Convert $x \not\equiv 0$ mod $pq$ to a modulo polynomial

Question

$p,q \in \mathbb{P}$, primes

For $x \not\equiv 0 \bmod p$ you can write $(x-1)(x-2) \dots (x - (p-1)) \equiv 0$ mod $p$

Is there a way to do the same for a a composite modulus $pq$?

Note: $(x-1)(x-2) \dots (x-p) \dots (x-q) \dots (x - (pq-1)) \equiv 0$ mod $pq$ does not work. If $x \equiv 0$ mod $pq$ then the terms $(x-p)$ and $(x-q)$ become $pq$ which makes the polynomial $\equiv 0$ mod $pq$.

Also $x^{(p-1)(q-1)} \equiv 1$ mod $pq$ if $\gcd(x,pq) = 1$ does not cover the case when $x = kp$ or $x = kq$.

------- to clarify ------------------------------------------

Find a polynomial modulo pq such that $x \equiv 0 $ (mod pq) is not a solution but all other numbers are solutions. i.e. a filter.

This can be done if the modulus is a single prime.

@André Nicolas demonstrated that it cannot be done for a composite modulus.

Answer 1

Let $f(x)$ be a polynomial.
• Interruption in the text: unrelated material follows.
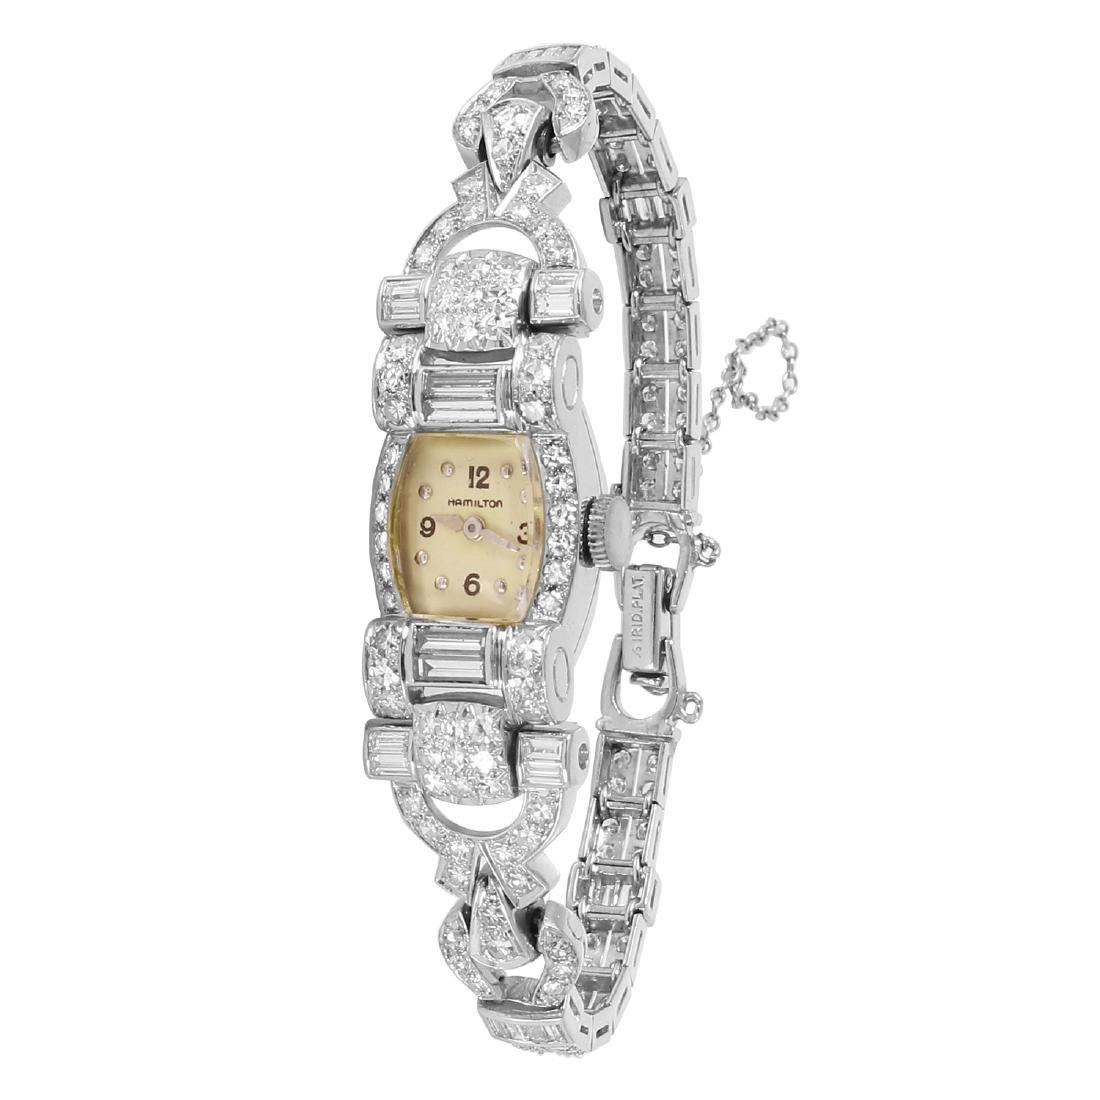 Hamilton Platinum Diamond Ladies Watch, 1930s
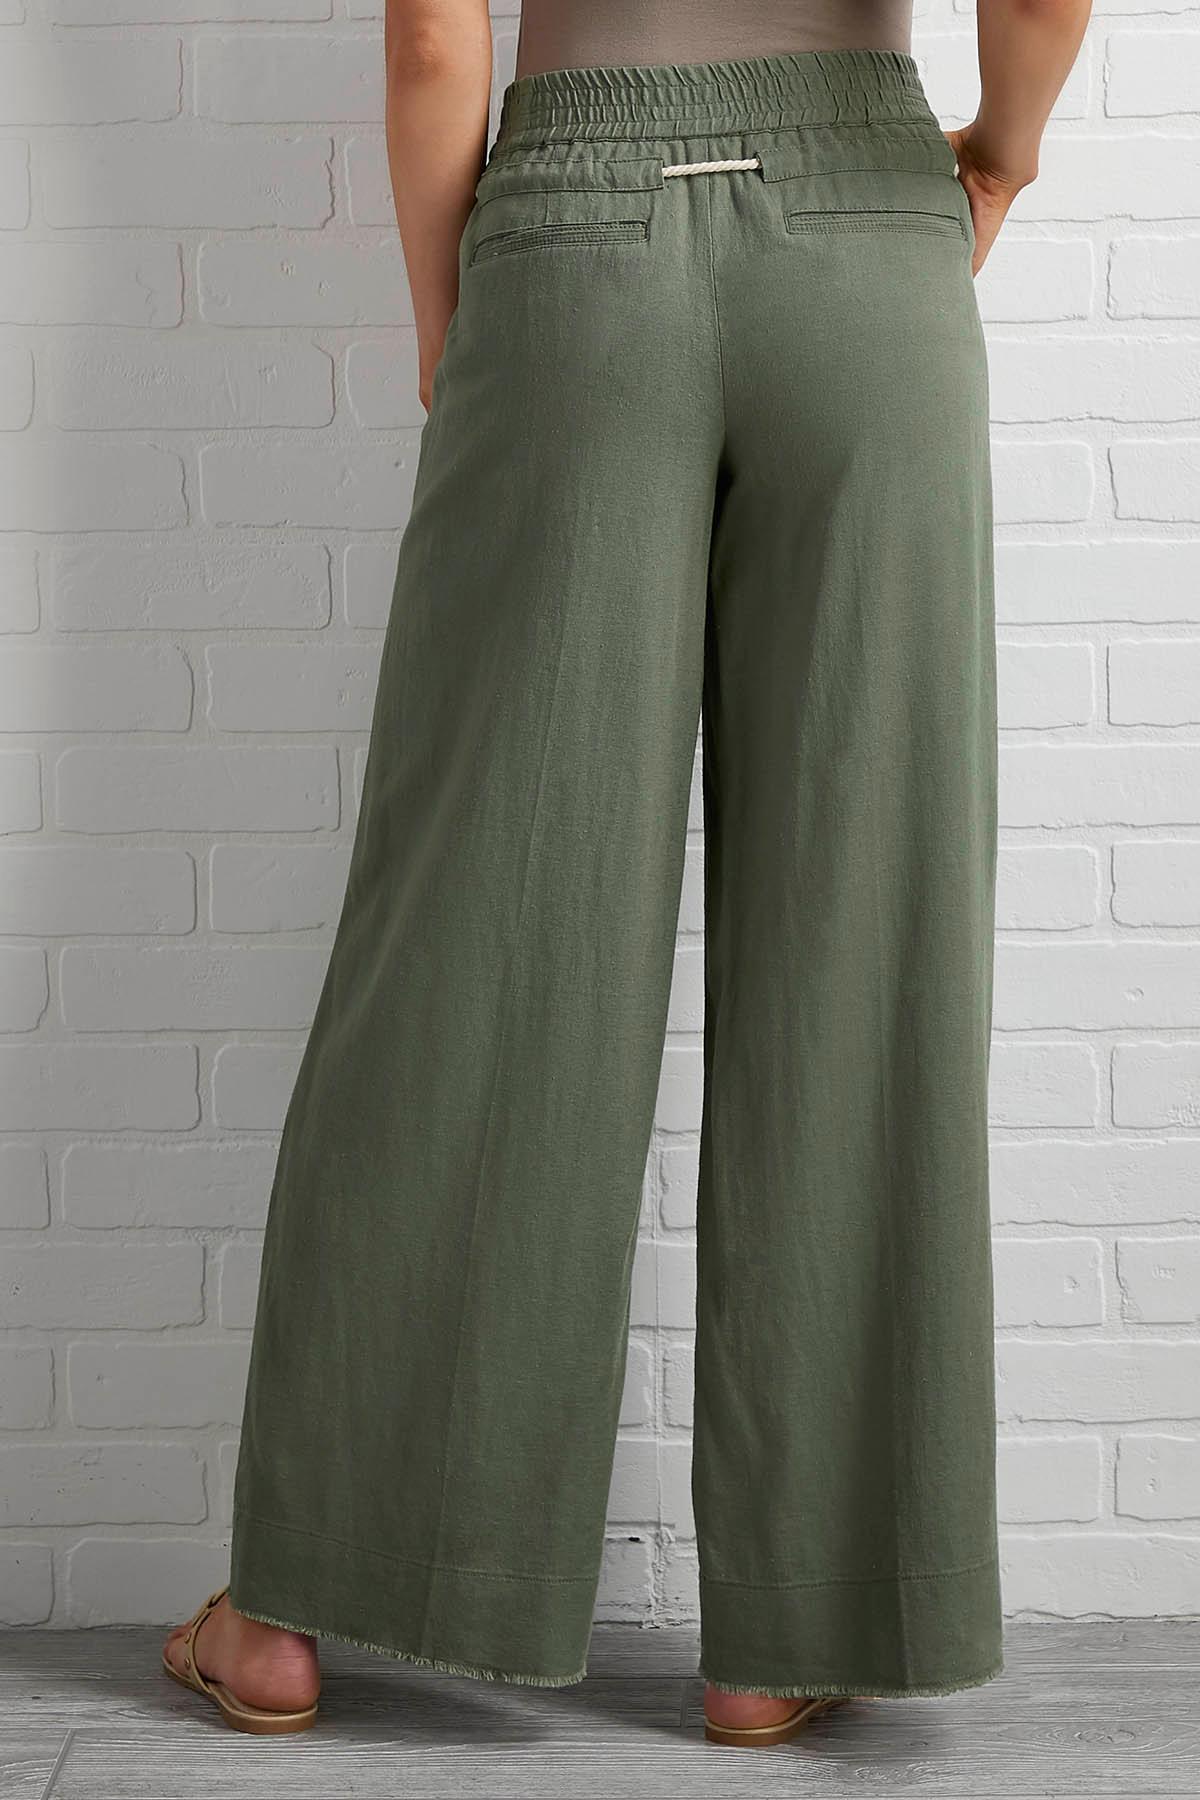 Casual Friday Pants

Suppose that the distinct primes $p$ and $q$ are roots of $f(x)\equiv 0\pmod{pq}$.

Since $(x-p)(x-q)$ is monic, there is a polynomial $g(x)$ such that $f(x)=(x-p)(x-q)g(x)+ax+b$ for some integers $a$ and $b$.

Since $p$ and $q$ are roots of $f(x)\equiv 0\pmod{pq}$, it follows that $pq$ divides $ap+b$ and $pq$ divides $aq+b$. So $p$ and $q$ both divide $b$, and therefore $p$ and $q$ both divide $a$.

It follows that $pq$ divides $f(pq)$.

Remark: In hindsight, there is a one line proof. Since $f(0)\equiv 0\pmod{p}$ and $f(0)\equiv 0\pmod{pq}$, it follows that $f(0)\equiv 0\pmod{pq}$. But I might as well keep my ugly argument above: it is what I first wrote down.